SOURCE MATERIAL:
★ ★ ★

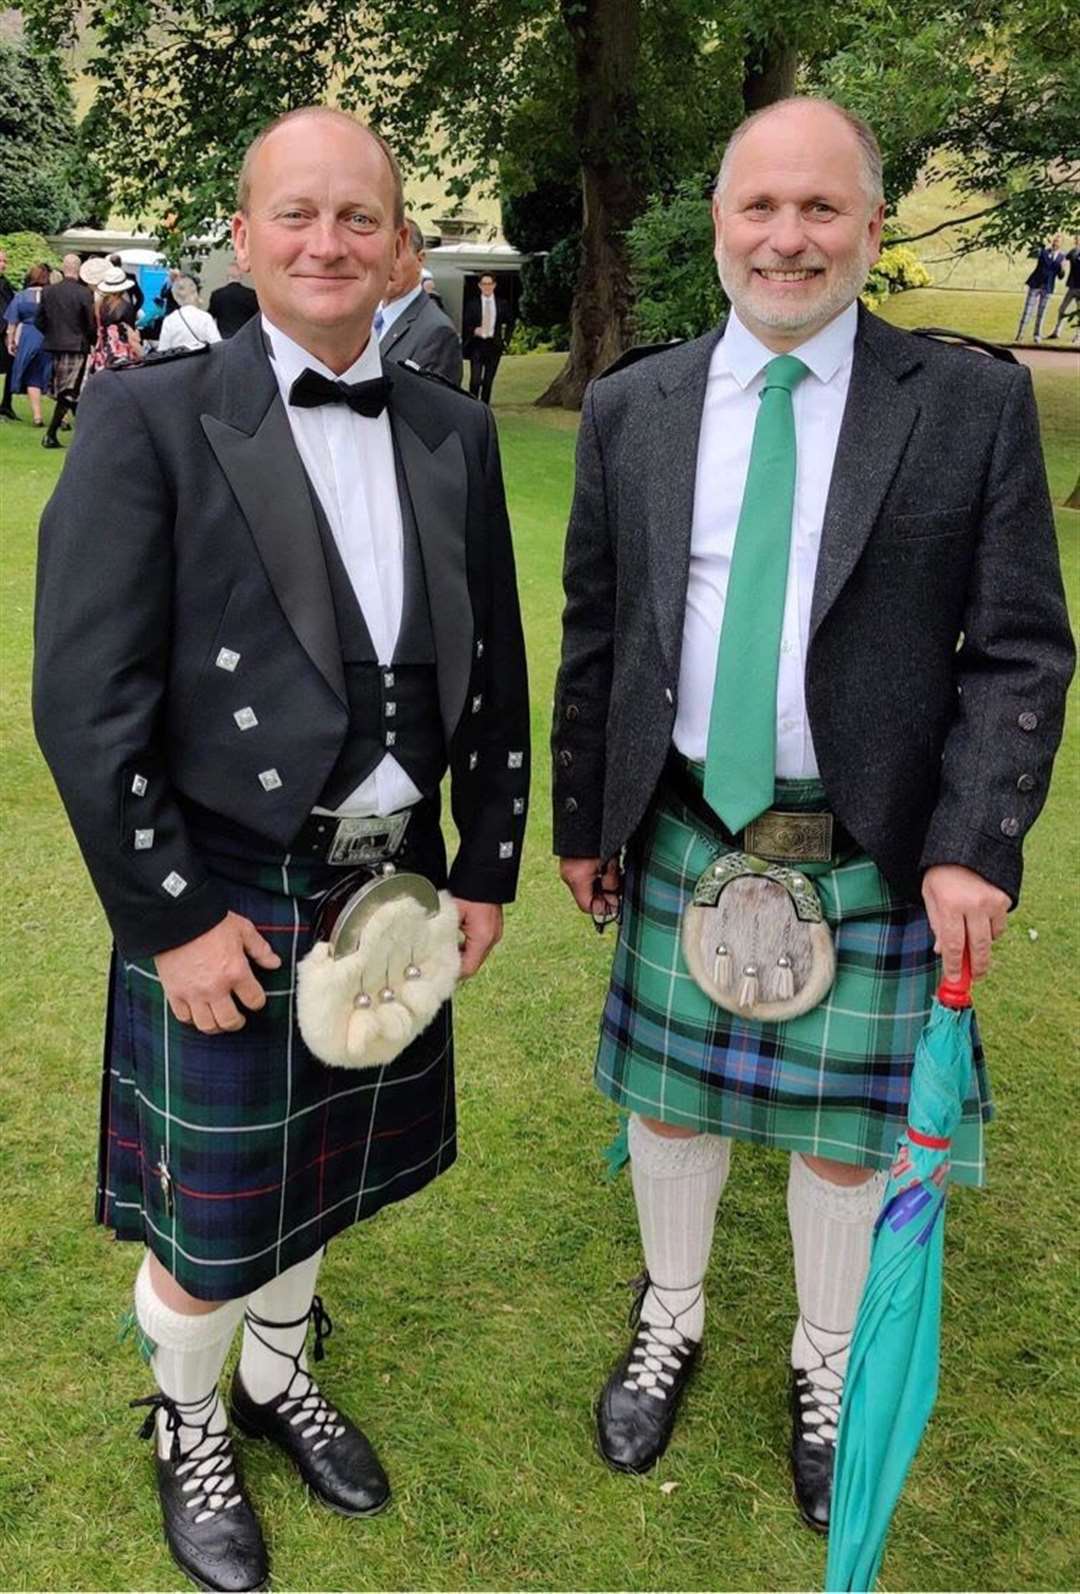 Simon Paterson (left) and Attie Macdonald at the garden party last month.
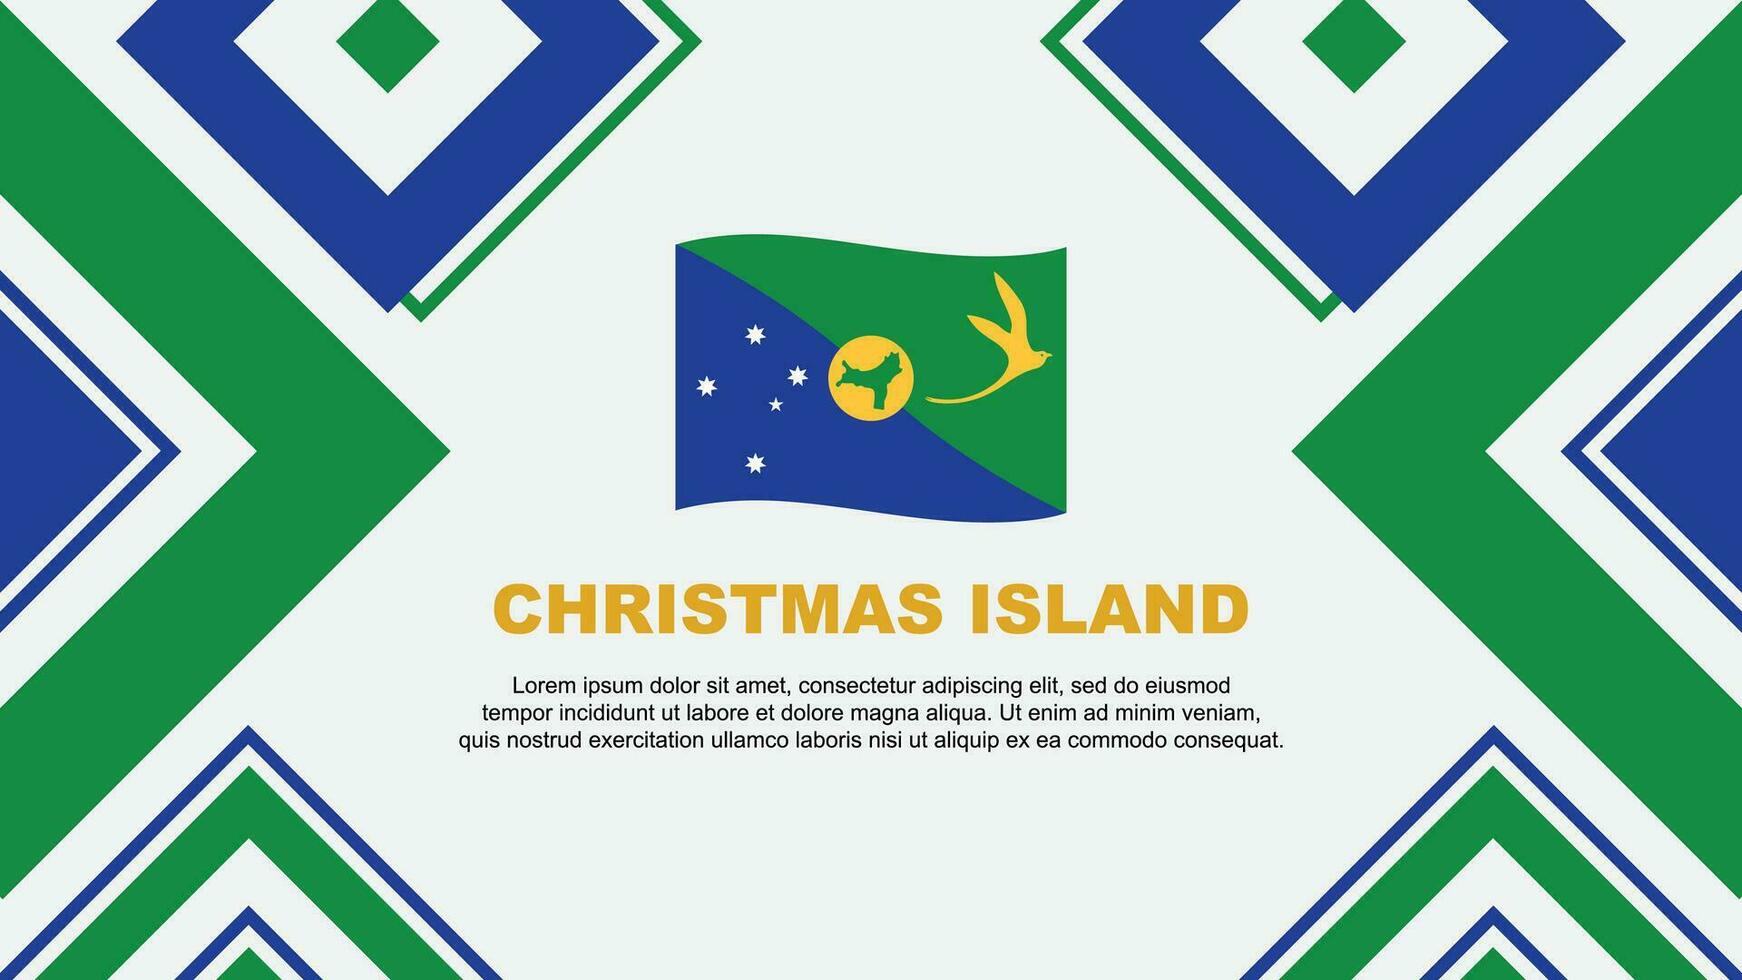 Christmas Island Flag Abstract Background Design Template. Christmas Island Independence Day Banner Wallpaper Vector Illustration. Christmas Island Independence Day
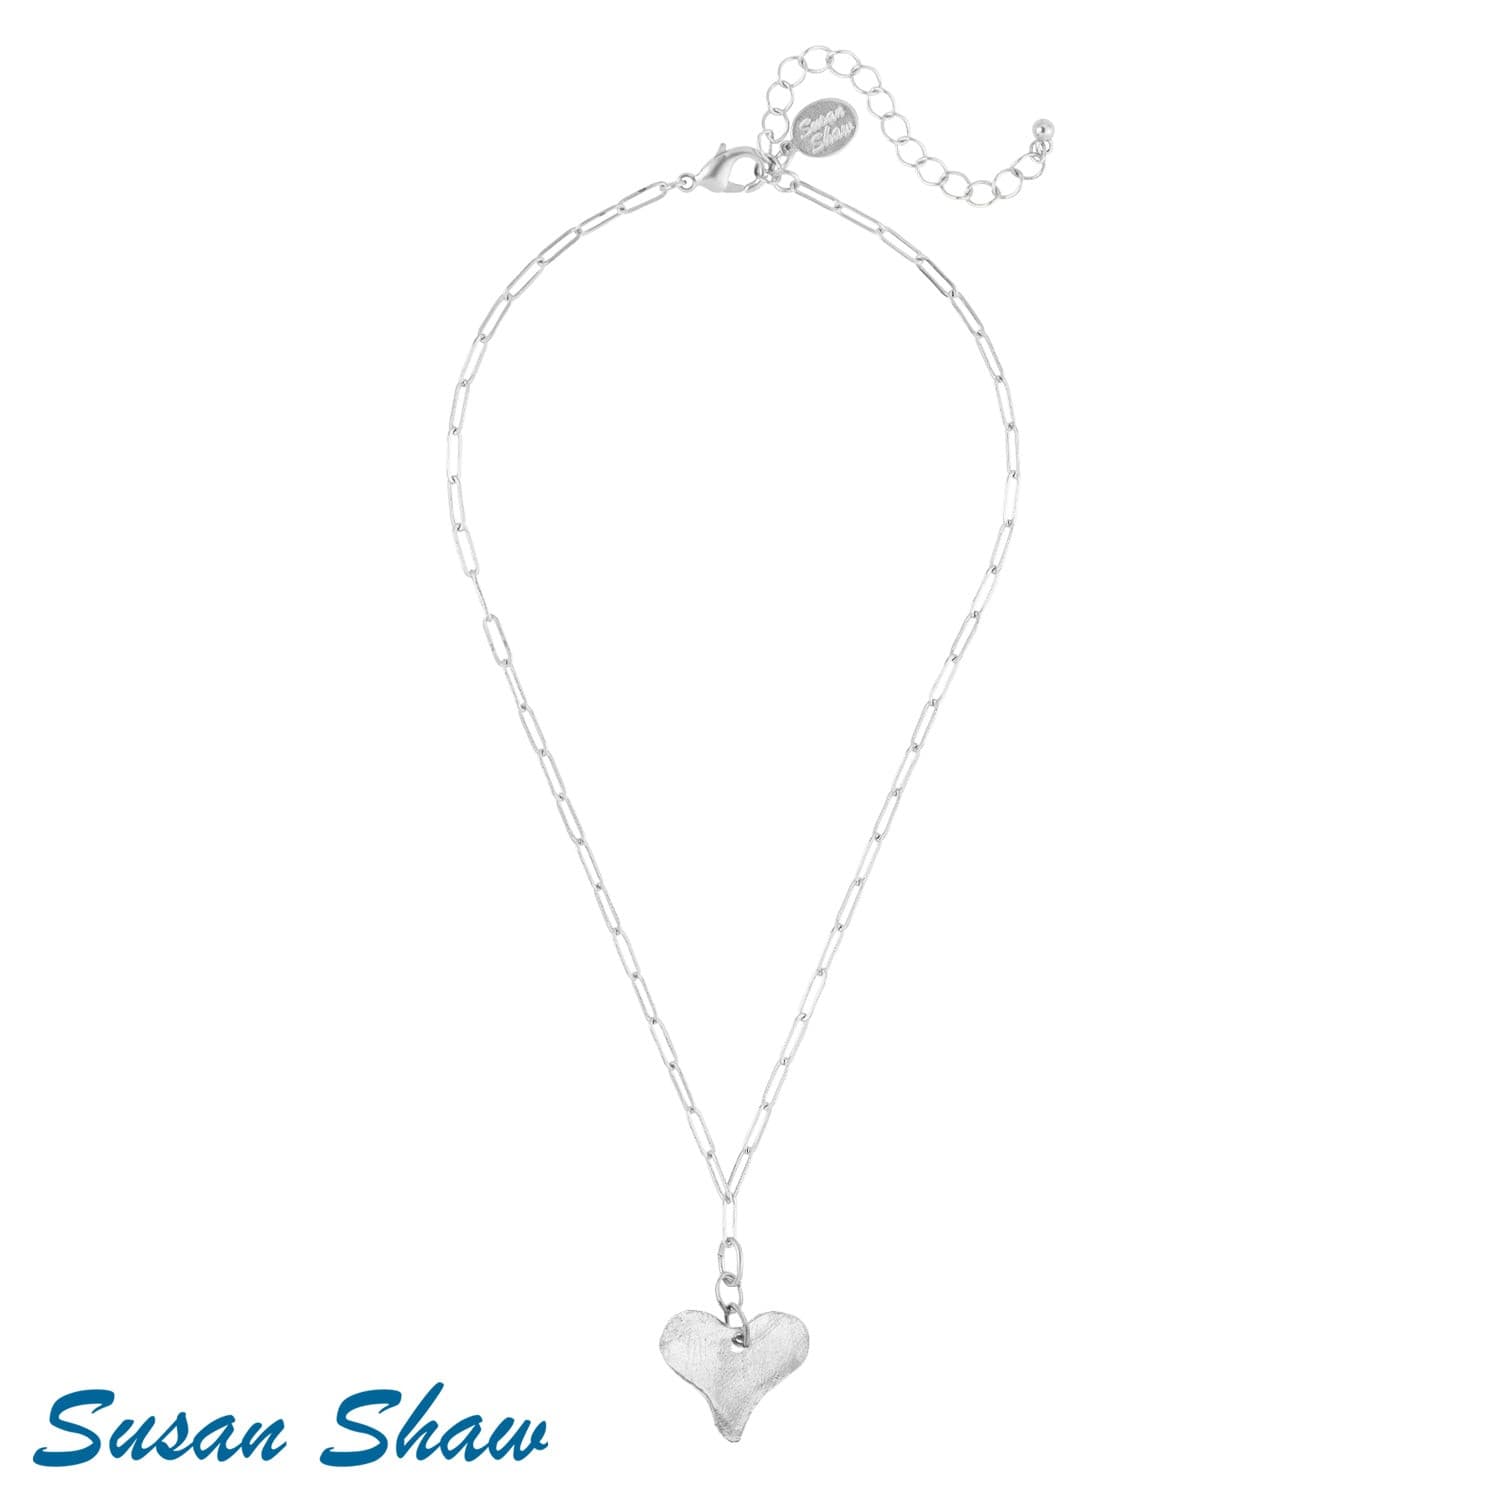 Susan Shaw Heart Paperclip Necklace (Silver).

★ ★ ★

PROBLEM:
Exclude all images and retype the data precisely.

TASK OUTPUT:
 Simon Paterson (left) and Attie Macdonald at the garden party last month.
 Christmas Island Flag Abstract Background Design Template. Christmas Island Independence Day Banner Wallpaper Vector Illustration. Christmas Island Independence Day
 Susan Shaw Heart Paperclip Necklace (Silver).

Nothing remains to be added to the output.